#### [INPUT FOR THIS TASK]
-- Opening Marker --

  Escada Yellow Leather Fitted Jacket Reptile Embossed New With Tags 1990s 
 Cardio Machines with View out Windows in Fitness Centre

-- Closing Marker --
-- Opening Marker --

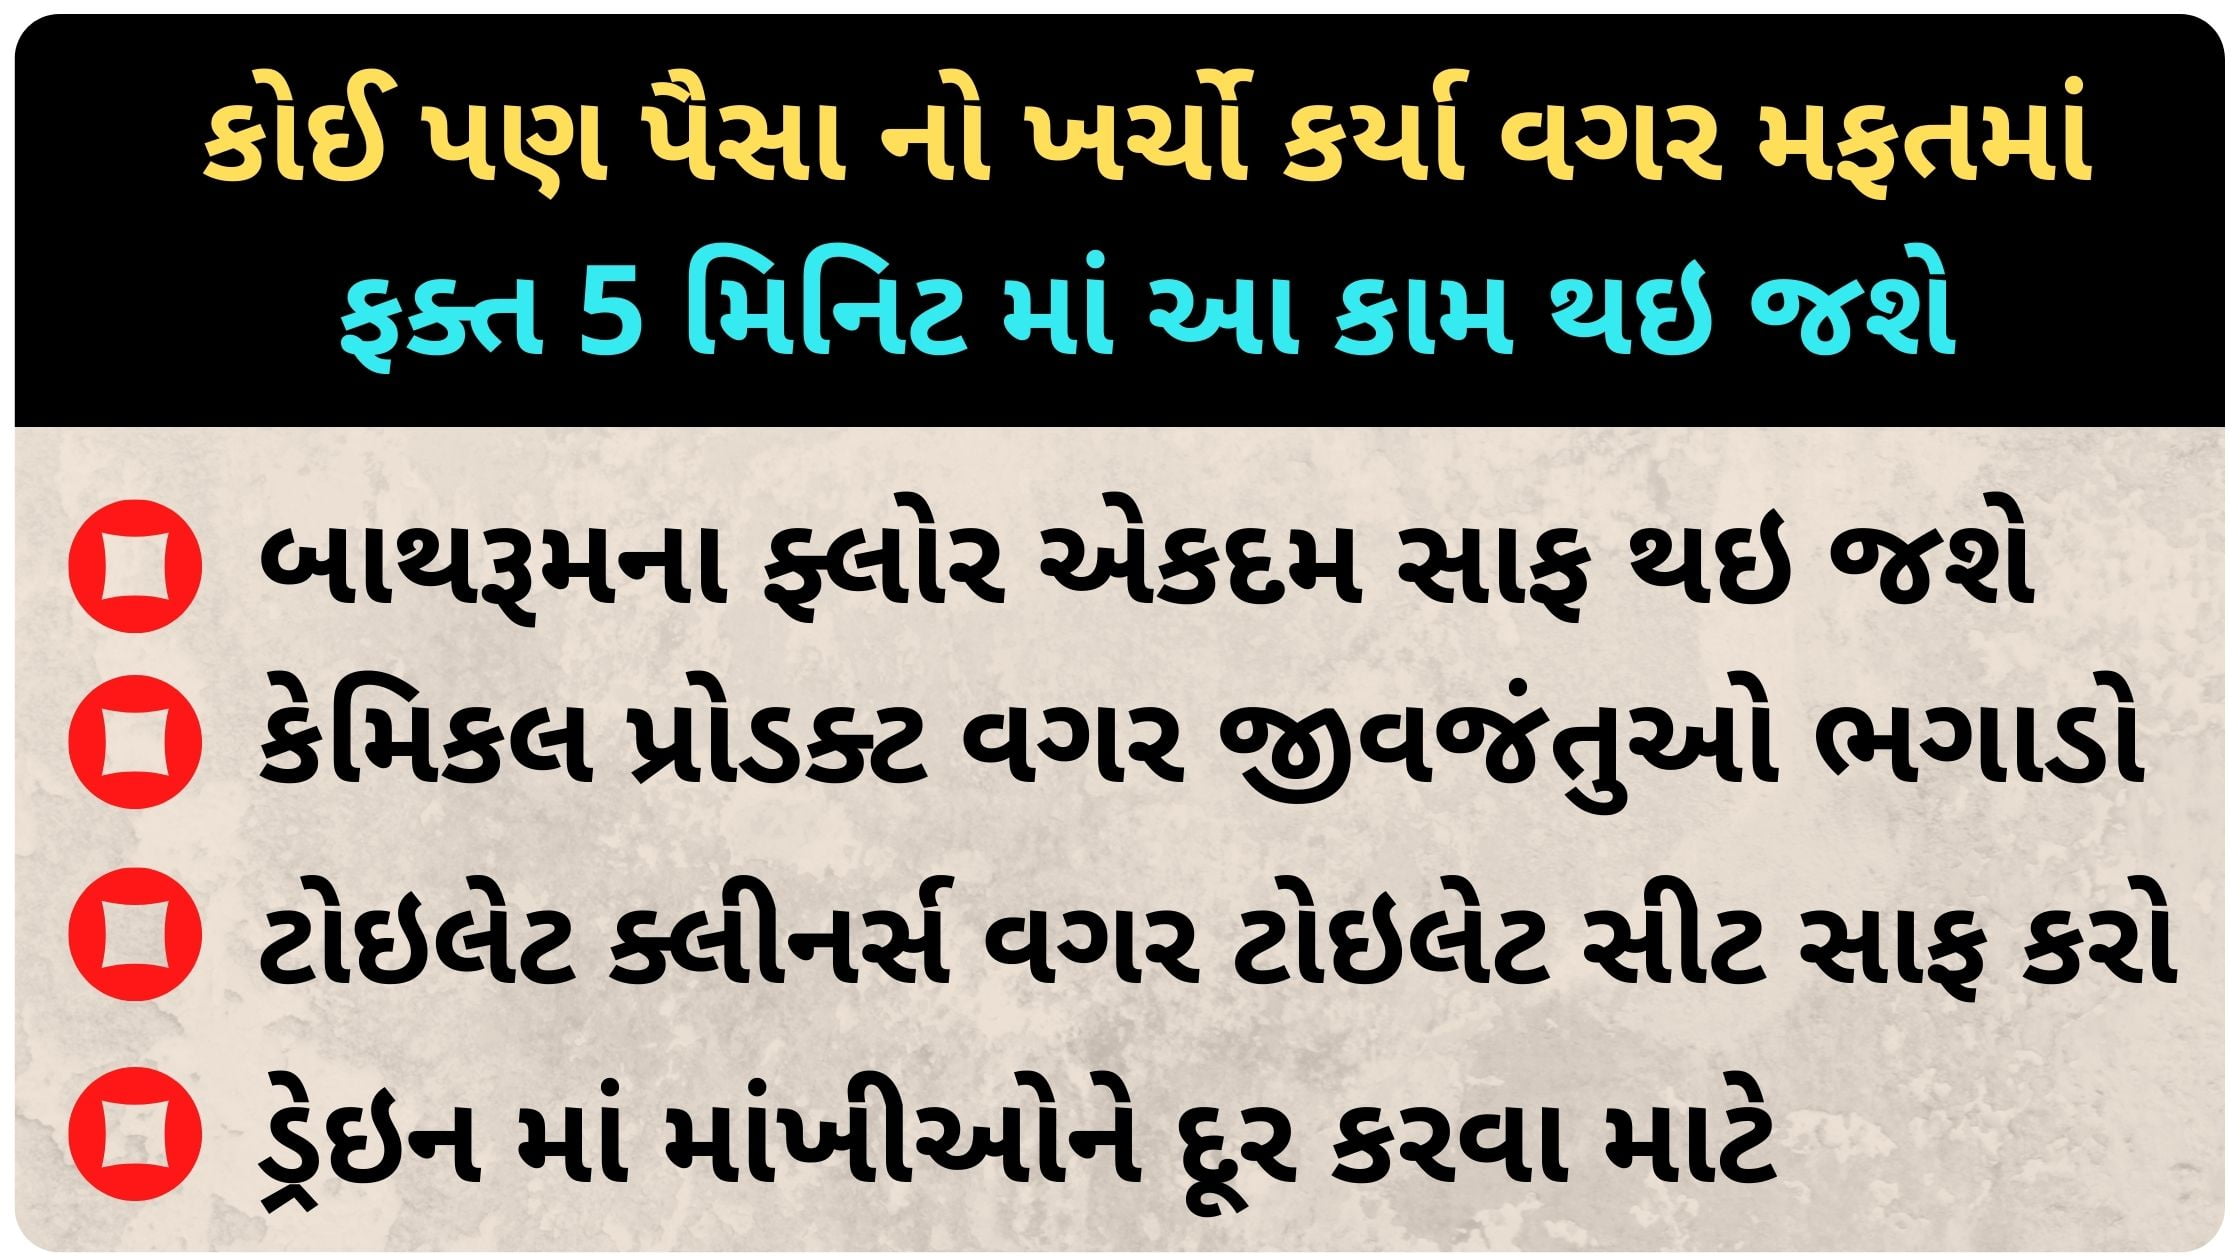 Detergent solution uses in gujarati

-- Closing Marker --

#### [WHAT IS EXPECTED]
From the material above, set down exactly the lines between the line holding "Escada Yellow Leather" and the line holding "Cardio Machines with", inclusive. Include nothing else.

#### [EXERCISE RESPONSE]
  Escada Yellow Leather Fitted Jacket Reptile Embossed New With Tags 1990s 
 Cardio Machines with View out Windows in Fitness Centre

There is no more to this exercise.